# Fresh Idea
## separate one/zero activity of domains
- replace zeros by minus one
- calculate the class activity for 3 hours bins for each domain
- calculate the user activity for gaussian around center of 3 hour bins
- calculate the likelihood of the person being a 1/-1 in that time 
- add user general metrics including domain cls activity and usage patterns

### questions
- how to take into account times when the person used a website when others didnt?
- how to give likelihood when the person didn't show any nearby activity?
- what if he used a similar website at same time but more nich? 
- how to average the bins weighted by the significance of that bin?
- how to give weight to the magnitude of number of users entering? probability of 1 with confidence
- what about sparse websites?
- how to not let times where there are no activity take a lot of weight?
### enhancements
- create graph embedding of urls
- for each bin, calculate the metric per url
- instead of only looking at the specific website, take into account websites with similar usages,
  for example looking at same domain_cls usage in gaussian around bin, or looking at domain embeddings and looking at the activity in similar embeddings weighted by the distance in the embedding space

In [1]:
# !export MODIN_CPUS=2

In [None]:
import os
import sqlite3
# %matplotlib widget
import matplotlib.pyplot as plt
from multiprocessing import freeze_support
# os.environ["MODIN_CPUS"] = "2"
os.environ["RAY_OBJECT_STORE_MEMORY"] = str(5 * (1024 ** 3))
from modin.config import NPartitions
NPartitions.put(12)
from modin.db_conn import ModinDatabaseConnection

import ray


# Set a higher number of partitions to reduce memory per partition
# ctx = ray.init()#object_store_memory=24000000000)#,include_dashboard=True)  # Object store memory (~25GB)
#                 redis_max_memory=10000000000)  # Redis memory (~10GB)

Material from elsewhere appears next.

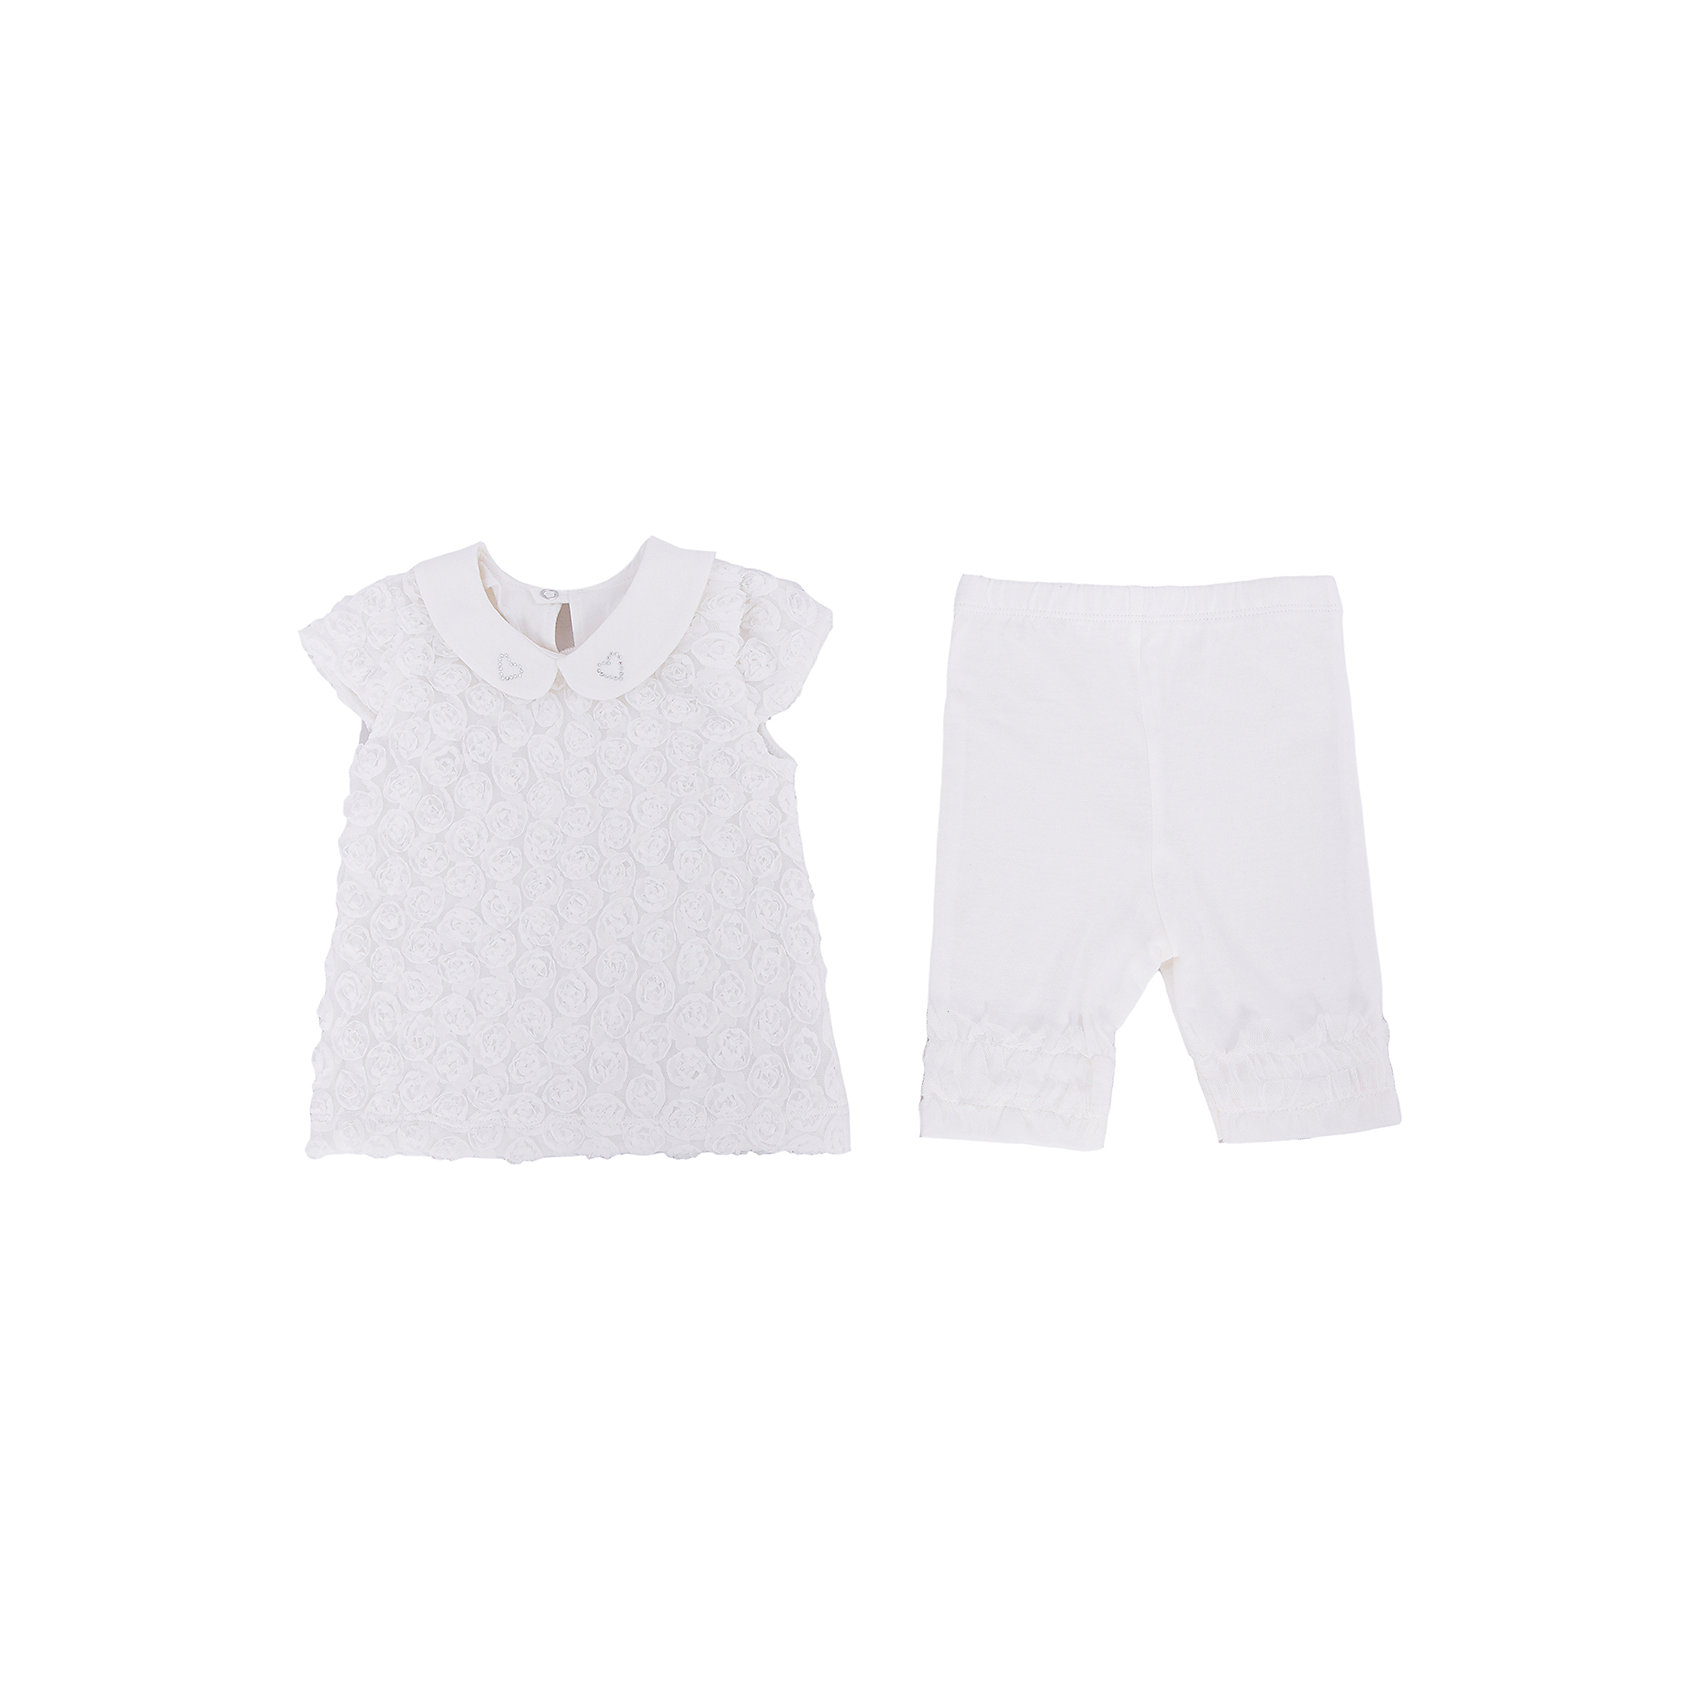 Комплект: футболка и бриджи для девочки Soni KidsКомплекты<br>Комплект: футболка и бриджи для девочки от популярной марки Soni Kids <br> <br>Нарядный комплект состоит из футболки и бриджей очень красивого оттенка слоновой кости сшита из мягкого дышащего хлопка. Это гипоаллергенный материал, который отлично подходит для детской одежды. Правильный крой обеспечит ребенку удобство, не будет натирать и стеснять движения. <br> <br>Особенности модели: <br> <br>- цвет - белый; <br>- материал - натуральный хлопок; <br>- модель декорирована стразами; <br>- отделка текстильными цветами; <br>- крылья на рукавах; <br>- отложной воротник; <br>- застежки - кнопки на спине. <br>- пояс - мягкая широкая резинка. <br> <br>Дополнительная информация: <br> <br>Состав: 100% хлопок <br> <br>Комплект: футболка и бриджи для девочки от популярной марки Soni Kids (Сони Кидс) можно купить в нашем магазине.<br><br>Ширина мм: 157<br>Глубина мм: 13<br>Высота мм: 119<br>Вес г: 200<br>Цвет: белый<br>Возраст от месяцев: 12<br>Возраст до месяцев: 15<br>Пол: Женский<br>Возраст: Детский<br>Размер: 86,74,80,92<br>SKU: 4545004

import modin.pandas as mpd
# print(ctx.dashboard_url)
%load_ext autoreload
%autoreload 2
os.environ["MODIN_ENGINE"] = "ray"  # Modin will use Ray
# ray.init()
# NPartitions.put(16)
def load_data_from_db(con):
    try:
        # First get 1000 random Device_IDs
        selective_device_ids_query = """
        WITH random_devices AS (
            SELECT DISTINCT Device_ID 
            FROM data 
            LIMIT 1000
        )
        SELECT * 
        FROM data 
        WHERE Device_ID IN (SELECT Device_ID FROM random_devices)
        """
        device_ids_query = """SELECT * from data"""
        df = mpd.read_sql(selective_device_ids_query, con)
        return df
    except Exception as e:
        print(f"Error loading data: {e}")
        raise


freeze_support()
dbfile = '../train_data_for_competition/training_set.db'

conn = ModinDatabaseConnection('sqlalchemy', f'sqlite:///{dbfile}')

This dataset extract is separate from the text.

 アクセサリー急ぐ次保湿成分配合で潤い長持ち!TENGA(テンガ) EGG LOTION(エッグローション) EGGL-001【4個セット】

# Can use get_connection to get underlying sqlalchemy engine
conn.get_connection()
db_df = load_data_from_db(conn)
print(db_df.head())
del conn  # Add this line

In [3]:
db_df = db_df._repartition()

In [4]:
# "23-04 to 18-05"
db_df = db_df[db_df["Domain_Name"]!=1732927] # remove empty url
db_df["Datetime"] = mpd.to_datetime(db_df["Datetime"])
# db_df.groupby("Device_ID").apply(lambda x: (x-x["Datetime"].min()).dt.days)

In [5]:
db_df.set_index("Datetime",inplace=True)


In [6]:
#train test split
from sklearn.model_selection import train_test_split
def get_train_test_devices(device_target_df, test_size=0.2, random_state=42):    
    # Perform stratified split on device IDs
    train_device_ids, test_device_ids = train_test_split(
        device_target_df['Device_ID'],
        test_size=test_size,
        random_state=random_state,
        stratify=device_target_df['Target']
    )
    return train_device_ids, test_device_ids


In [7]:
devices = db_df.groupby("Device_ID").first().reset_index()
train_devices, test_device_ids = get_train_test_devices(devices)
train_db_df = db_df[db_df["Device_ID"].isin(train_devices)]

In [8]:
devices_per_domain = train_db_df.groupby("Domain_Name")["Device_ID"].nunique()
domains = devices_per_domain[devices_per_domain>10].index
train_db_df = train_db_df[train_db_df["Domain_Name"].isin(domains)]

In [9]:
# preprocess timeseries
def process_activity_timeseries(domain_df,bin_hours=6,gaussian_filter=True,n_days_each_side=3,std=1.5,drop_na=True,drop_zeros=False):
    activity_per_3h = domain_df["Device_ID"].resample(f'{str(bin_hours)}h').nunique()
    gaussian_window_hours = int(n_days_each_side*24/bin_hours*2) # n_days_each_side * 24h / 3h_per_bin * 2 sides
    if gaussian_filter:
        activity_per_3h = activity_per_3h.rolling(window=gaussian_window_hours, win_type='gaussian',center=True,min_periods=1,closed="both").mean(std=std)
    if drop_na:
        activity_per_3h.dropna(inplace=True)
    if drop_zeros:
        activity_per_3h = activity_per_3h[activity_per_3h!=0]
    activity_per_3h.rename("Activity",inplace=True)
    return activity_per_3h.round().astype(int)


In [None]:
from functools import partial
process_domain_timeseries = partial(process_activity_timeseries,gaussian_filter=True,n_days_each_side=3,std=1.5,drop_na=True,drop_zeros=False)
process_domain_timeseries.__name__ =process_activity_timeseries.__name__
domain_time_series = train_db_df.groupby(["Domain_Name","Target"]).apply(process_domain_timeseries)


In [11]:
user_domain_time_series = db_df.groupby(["Device_ID","Domain_Name"]).apply(process_activity_timeseries).swaplevel(0,1)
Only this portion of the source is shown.